Daiwa House Logistics Trust made a tepid debut on SGX, ending Friday flat at its S$0.80 initial public offering (IPO) price, which was also its day’s low, and off the day’s high of S$0.808.
The units, however, outperformed a 1.72 percent drop in the benchmark Straits Times Index.
The lukewarm first-day performance belied the strong demand for the trust’s units during the offering, with the Singapore public offer 9.5 times oversubscribed and the placement tranche 4.9 times oversubscribed.
Around 28.88 million units changed hands in the half-day after trade began at 2:00 p.m. SGT, according to Bloomberg data, marking less than around 5 percent of the total number of units.
That compared with 25 million units offered to the Singapore public and 219.44 million offered in an international placement, as well as 336.06 million to cornerstone investors and 94.5 million to the trust’s sponsor Daiwa House Industry, which is one of Japan’s largest construction and real estate development companies.
DBS, acting as a stabilisation agent, acquired 980,600 units in the market at S$0.80, the bank said in a filing to SGX Friday.

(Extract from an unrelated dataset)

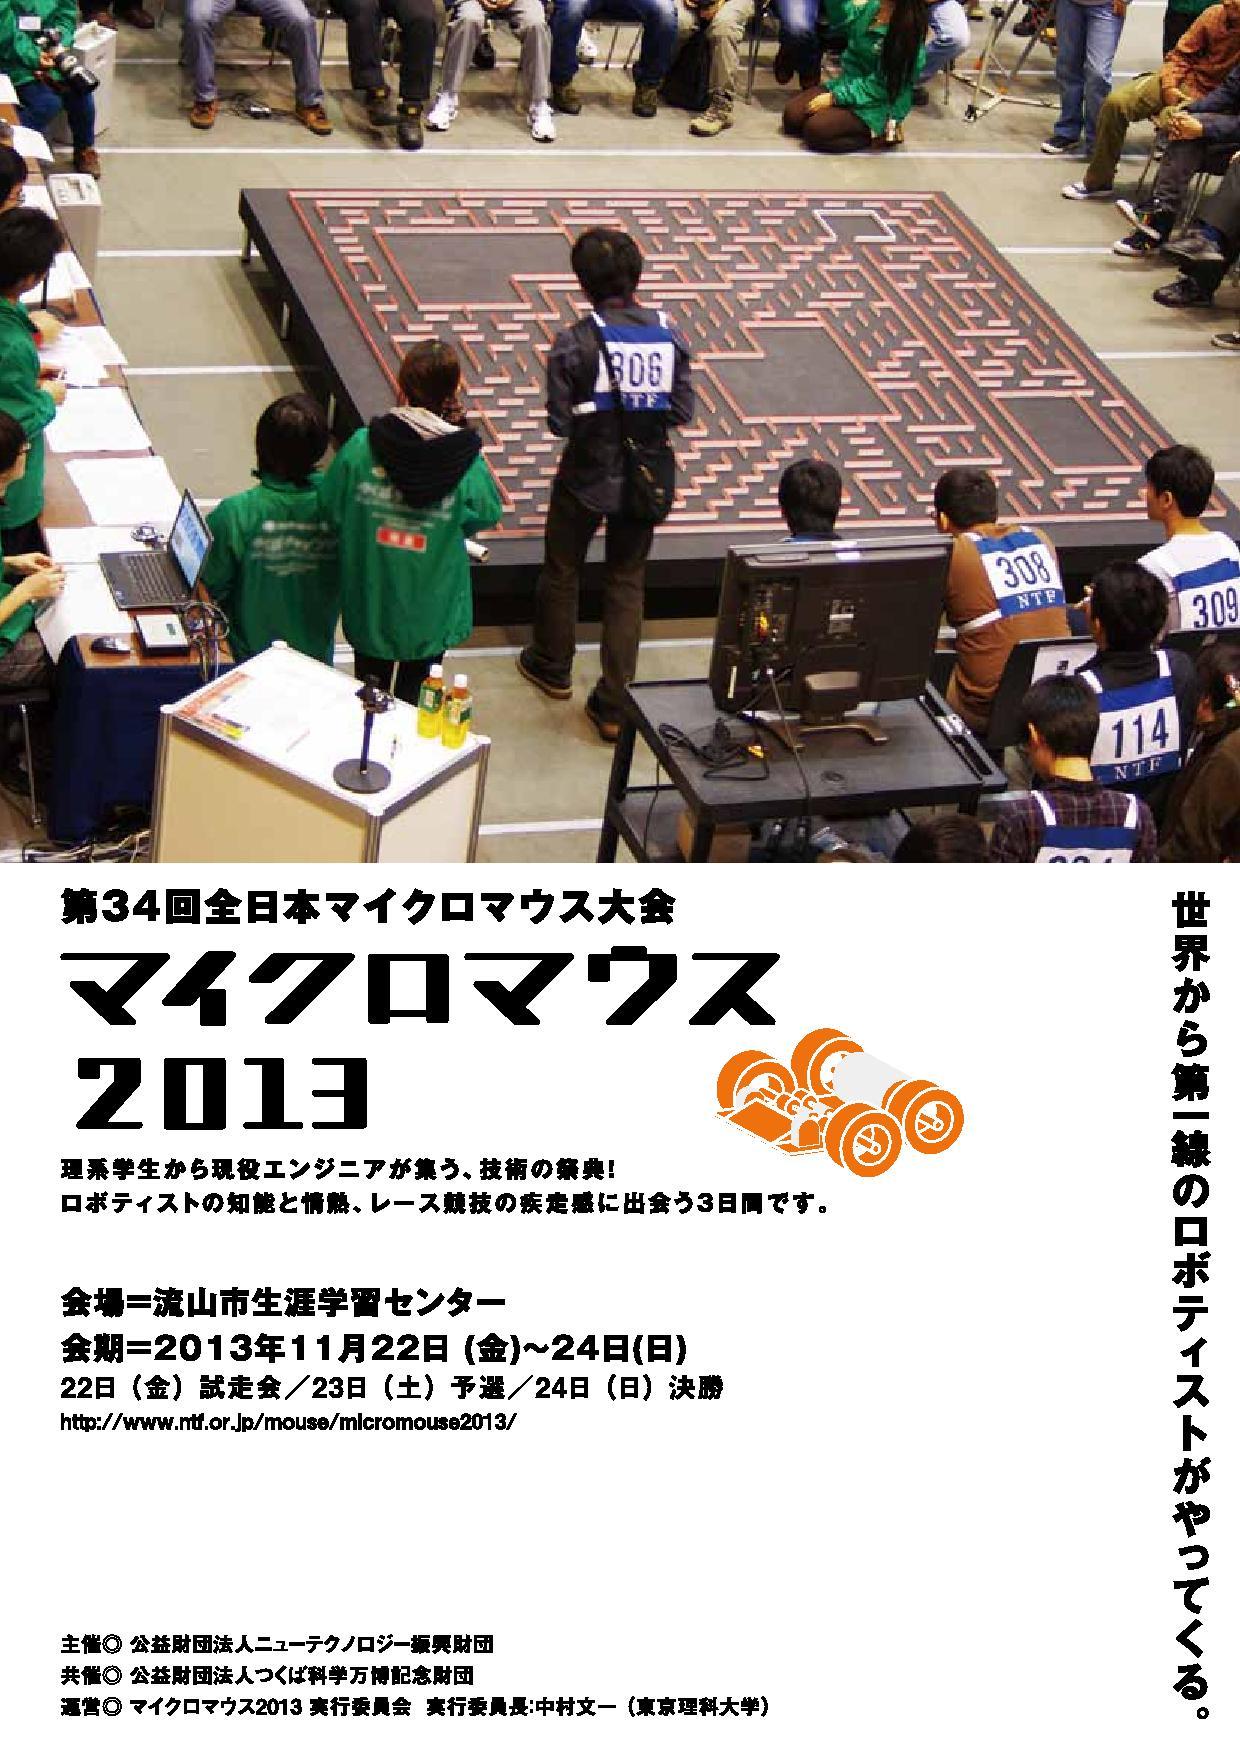 JPMM2013 poster

While the trust’s cornerstone investors, with the exception of DBS Bank, are not bound by lock-up agreements, most of Daiwa House Logistics Trust’s cornerstone investors are long-only investors, Chu, who publishes on Smartkarma, said in a note Thursday.
“We are not expecting a selldown in the near term at least,” Chu said.
The initial portfolio will have 14 logistics properties in Japan, with an appraised value of around 80.57 billion yen, or around S$952.9 million, the prospectus said. DHLT will pay a total purchase consideration for the IPO portfolio of 71.07 billion yen, or around S$840.5 million, according to the prospectus.